[Intel-gfx] [PATCH v2] drm/i915: Execlist irq handler micro optimisations

Fri Feb 12 15:54:27 UTC 2016

On 12/02/16 14:42, Chris Wilson wrote:
> On Fri, Feb 12, 2016 at 12:00:40PM +0000, Tvrtko Ursulin wrote:
>> From: Tvrtko Ursulin <tvrtko.ursulin at intel.com>
>>
>> Assorted changes most likely without any practical effect
>> apart from a tiny reduction in generated code for the interrupt
>> handler and request submission.
>>
>>   * Remove needless initialization.
>>   * Improve cache locality by reorganizing code and/or using
>>     branch hints to keep unexpected or error conditions out
>>     of line.
>>   * Favor busy submit path vs. empty queue.
>>   * Less branching in hot-paths.
>>
>> v2:
>>
>>   * Avoid mmio reads when possible. (Chris Wilson)
>>   * Use natural integer size for csb indices.
>>   * Remove useless return value from execlists_update_context.
>>   * Extract 32-bit ppgtt PDPs update so it is out of line and
>>     shared with two callers.
>>   * Grab forcewake across all mmio operations to ease the
>>     load on uncore lock and use chepear mmio ops.
>>
>> Version 2 now makes the irq handling code path ~20% smaller on
>> 48-bit PPGTT hardware, and a little bit less elsewhere. Hot
>> paths are mostly in-line now and hammering on the uncore
>> spinlock is greatly reduced together with mmio traffic to an
>> extent.
>
> Did you notice that ring->next_context_status_buffer is redundant as we
> also have that information to hand in status_pointer?

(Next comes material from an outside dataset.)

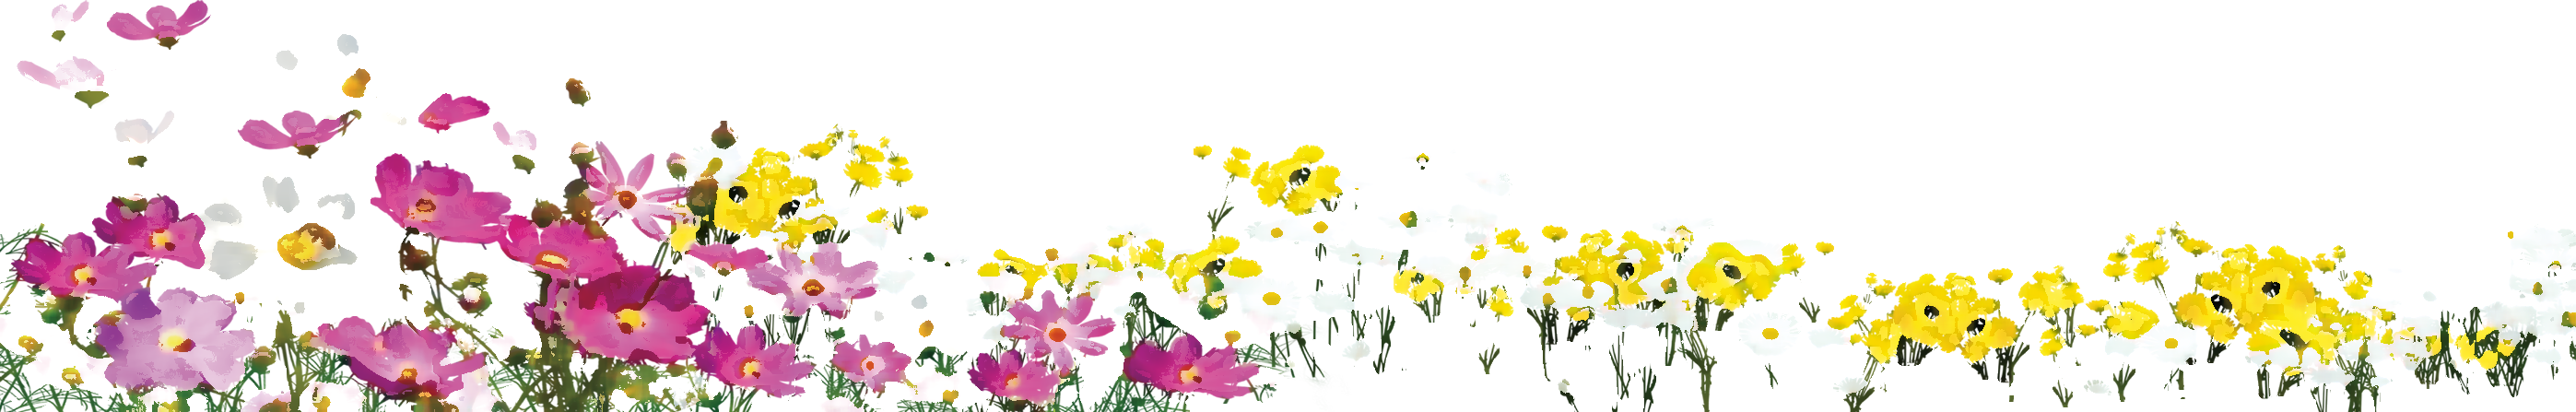 リアルタッチな花のイラスト フリー素材 No 1063 花畑 カラフル
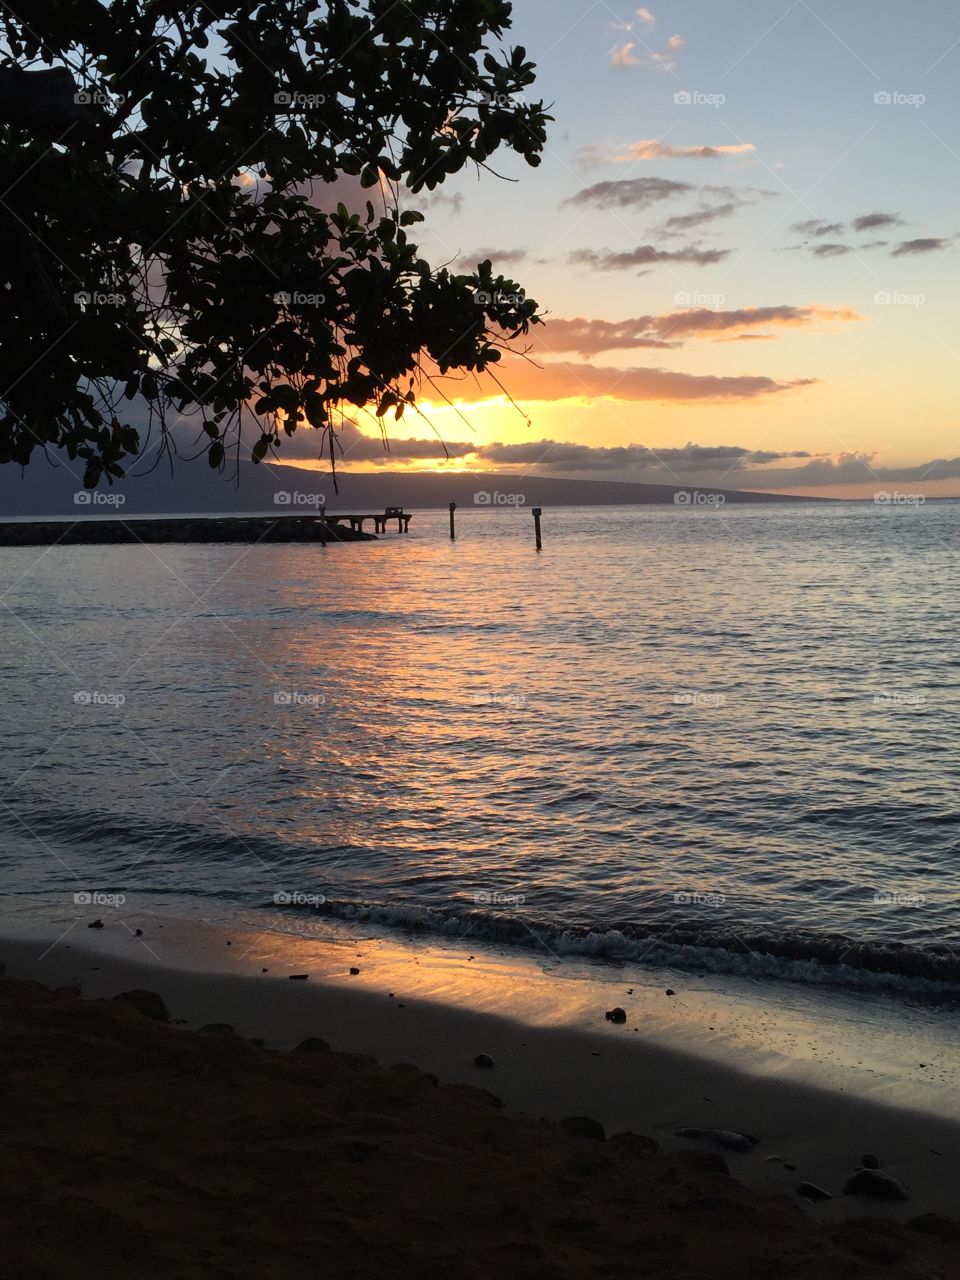 Sunset on Maui

I didn't and don't know that part that well. There might be some future 
proofing issues around it as well.

> What's your thinking for
>
> 	if (req->elsp_submitted & ring->gen8_9)
>
> vs a plain
>
> 	if (req->elsp_submitted)
> ?

Another don't know this part that well. Is it not useful to not submit 
two noops if they are not needed? Do they still end up submitted to the 
GPU somehow?

> The tidies look good. Be useful to double check whether gem_latency is
> behaving as a canary, it's a bit of a puzzle why that first dispatch
> latency would grow.

Yes a puzzle, no idea how and why. But "gem_latency -n 100" does not 
show this regression. I've done a hundred runs and these are the results:

  * Throughput up 4.04%
  * Dispatch latency down 0.37%
  * Consumer and producer latencies down 22.53%
  * CPU time down 2.25%

So it all looks good.

Regards,

Tvrtko